In the coming weeks, I am going to lay out why I am taking such a strong stance on these issues. I will (as time permits) examine each of the components of neoliberal education reform and explain why I it is I think they are going to fail. Unlike so many pundits, I will try not rely on sloppy logic, gross generalizations, and misleading anecdotes. Instead, I will rely on the evidence, on the research in the field, which provides precious little support for the idea that neoliberal education reforms will accomplish anything that we might wish.
Posted by Arbitrista @ 3:17 PM
2 Comments:
  • I'm really looking forward to this series of posts. Pretty much everyone in my family is or was a public school teacher and/or administrator, and for many years I thought that would be my path as well. (And who am I kidding? I'm still in public education, and many of my first- and second-year university students need serious remediation before they're ready for college. Accordingly, a good deal of the time, I'm a high-school English teacher as much as I'm a history professor.)

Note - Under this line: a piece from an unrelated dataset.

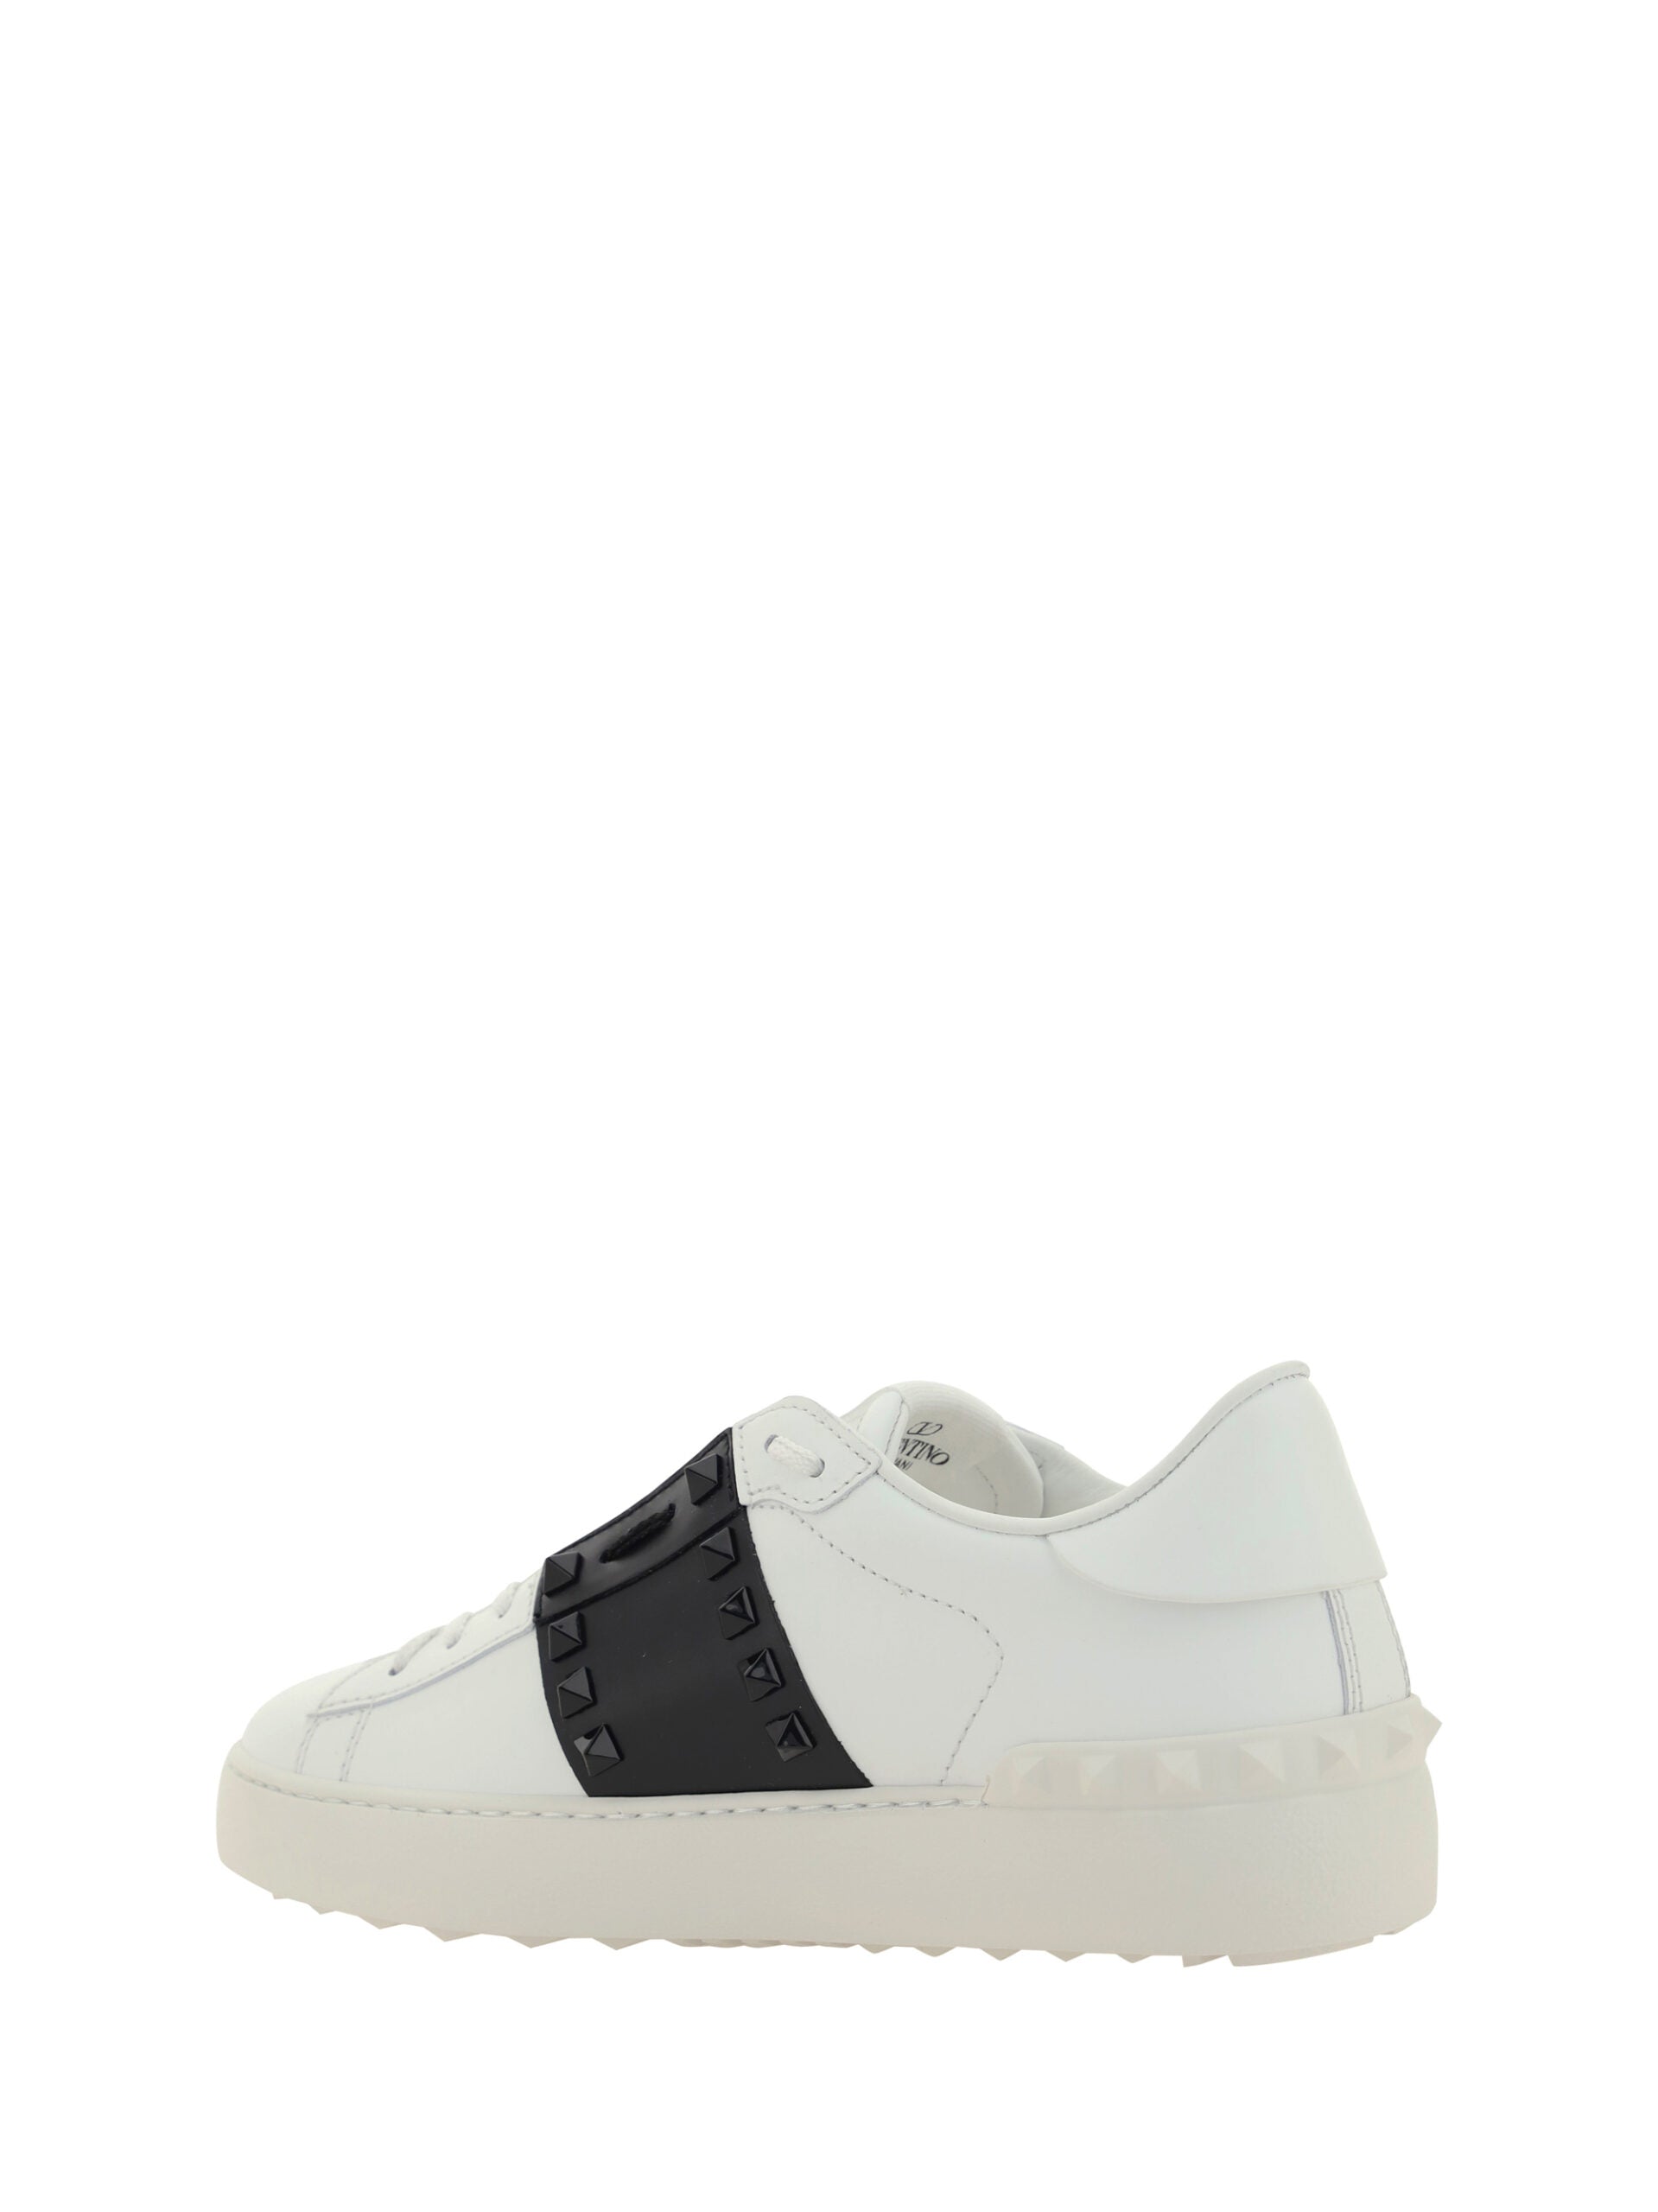 Valentino White and Black Calf Leather Sneakers

    As we're about to send my son to kindergarten, I'm paying more attention to the local situation, and I'm seeing a real failure of the local elementary schools. We literally won a lottery that will get our son into a charter school that uses old-school inquiry-based learning and promotes project-based, critical and creative thinking over testing. On the one hand, I feel I'm hurting the local public school by declining to enroll in it; on the other hand, this particular charter school follows the public school model with which I grew up, and which worked for me. It's an ethical dilemma, but I'm not going to toss my bright kid into a neighborhood school whose boys' reading proficiency plummets 50% between Kindergarten and 1st grade. Does that make me a bad progressive? Probably.

    By Blogger Leslie M-B, at 5:15 PM  
  • Okay, let me try to reply again - stupid blogger ate the last one.

    I don't think that there's any reason to think of yourself as a bad progressive. First off, there's an important distinction between our convictions about systems and and how we operate within them. There's no ethical requirement to be a martyr. If you still support policies and candidates that are beneficial to public schools, then you are still a public school supporter. And remember, charter schools are still public! But if it really bothers you, I'd suggest volunteering at the school that your son isn't going to. They need good people more than they need another student.

    As for my view of charters, I was thinking about writing on that subject next. To risk stealing my own thunder, I don't have any philosophical objection to charter schools, I just think they've been oversold and been used in unconstructive ways. There are plenty of good charters out there, so if your son got in to one, by all means send him there!